▸ RAW DATA
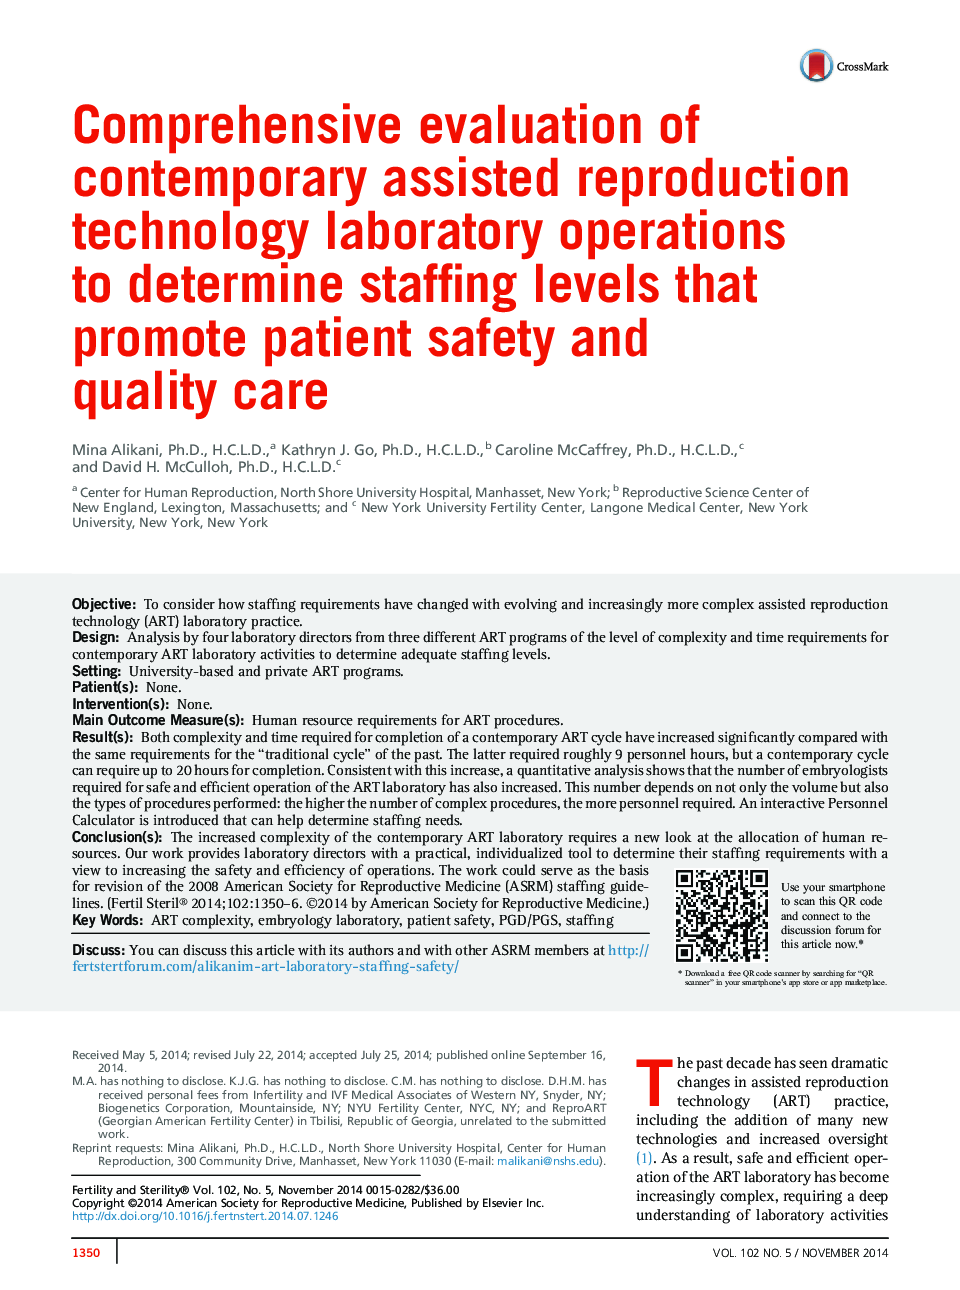 Comprehensive evaluation of contemporary assisted reproduction technology laboratory operations toÂ determine staffing levels that promote patient safety and quality care
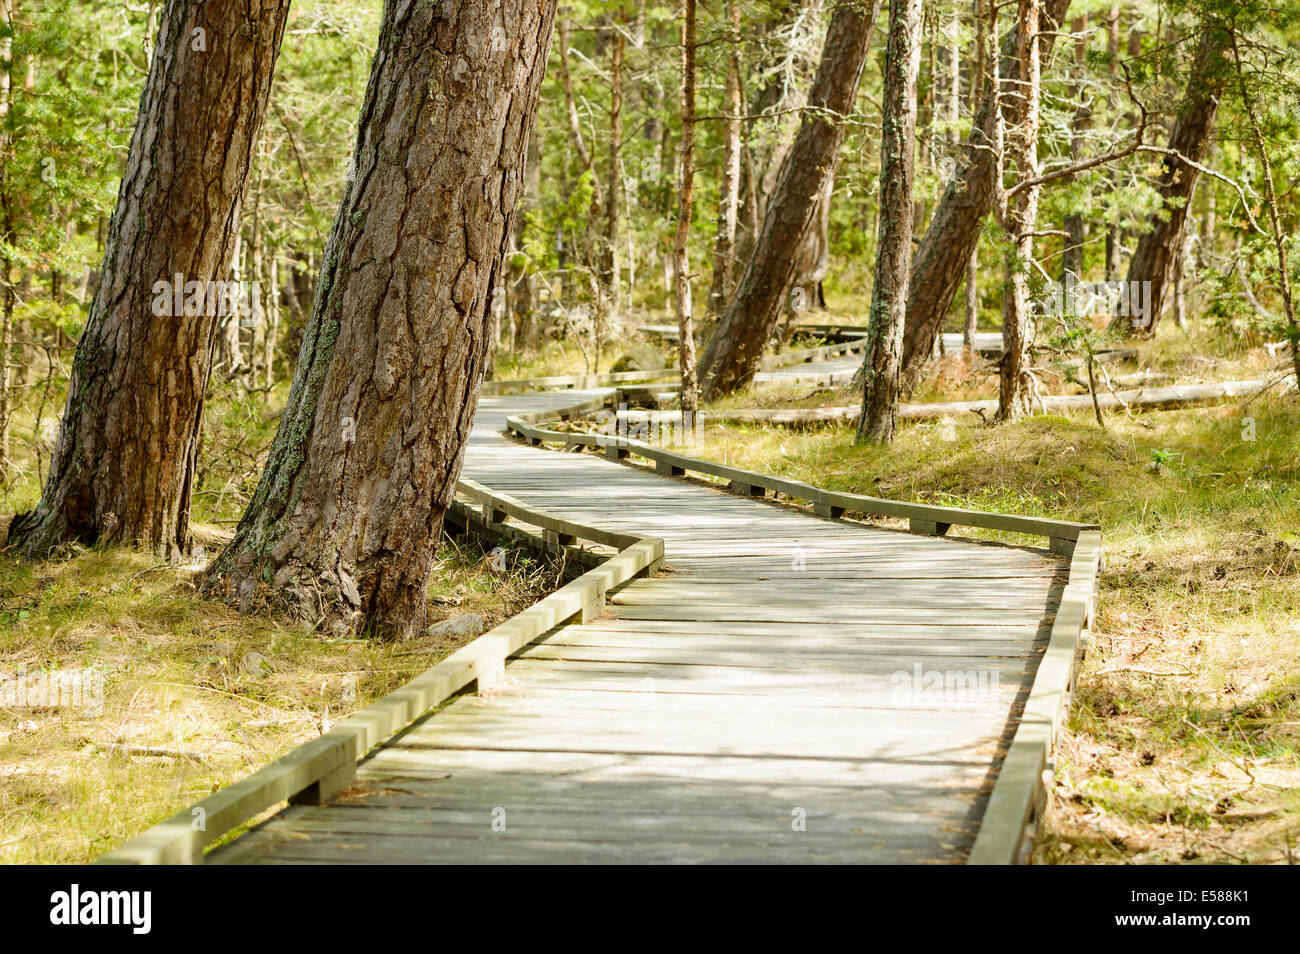 Wooden path for wheelchairs in nature reserve. Stock Photo
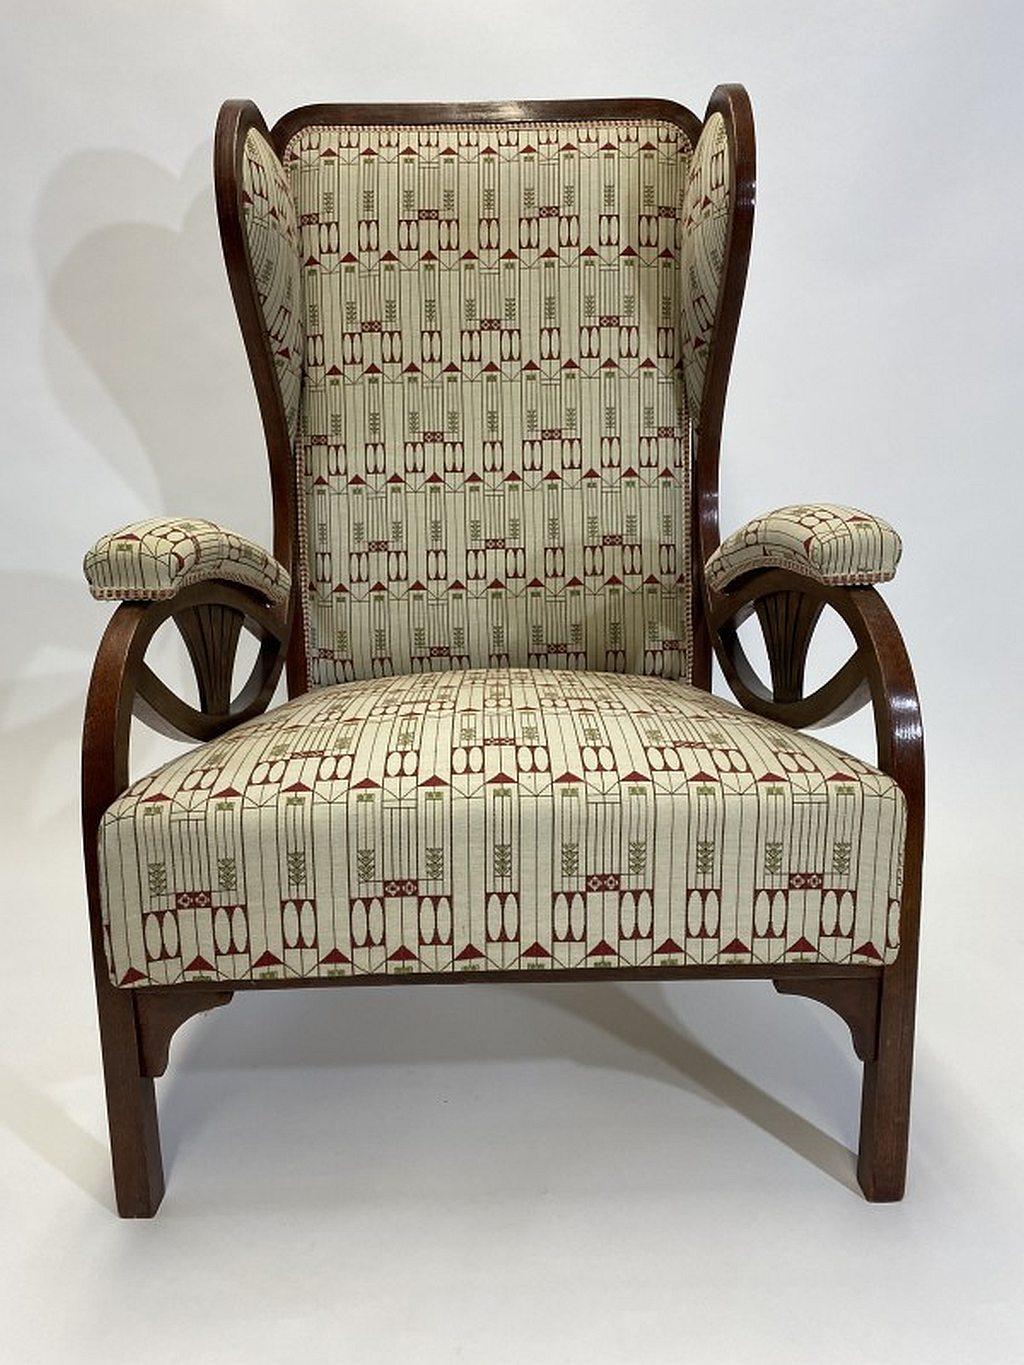 Art nouveau wing chair no.6542 by Thonet in excellent condition, backhausen fabric.

▸ TASK DESCRIPTION
Repeat every line above exactly, minus the pictures.

▸ WRITTEN SOLUTION
 Comprehensive evaluation of contemporary assisted reproduction technology laboratory operations toÂ determine staffing levels that promote patient safety and quality care
 Wooden path for wheelchairs in nature reserve. Stock Photo
 Art nouveau wing chair no.6542 by Thonet in excellent condition, backhausen fabric.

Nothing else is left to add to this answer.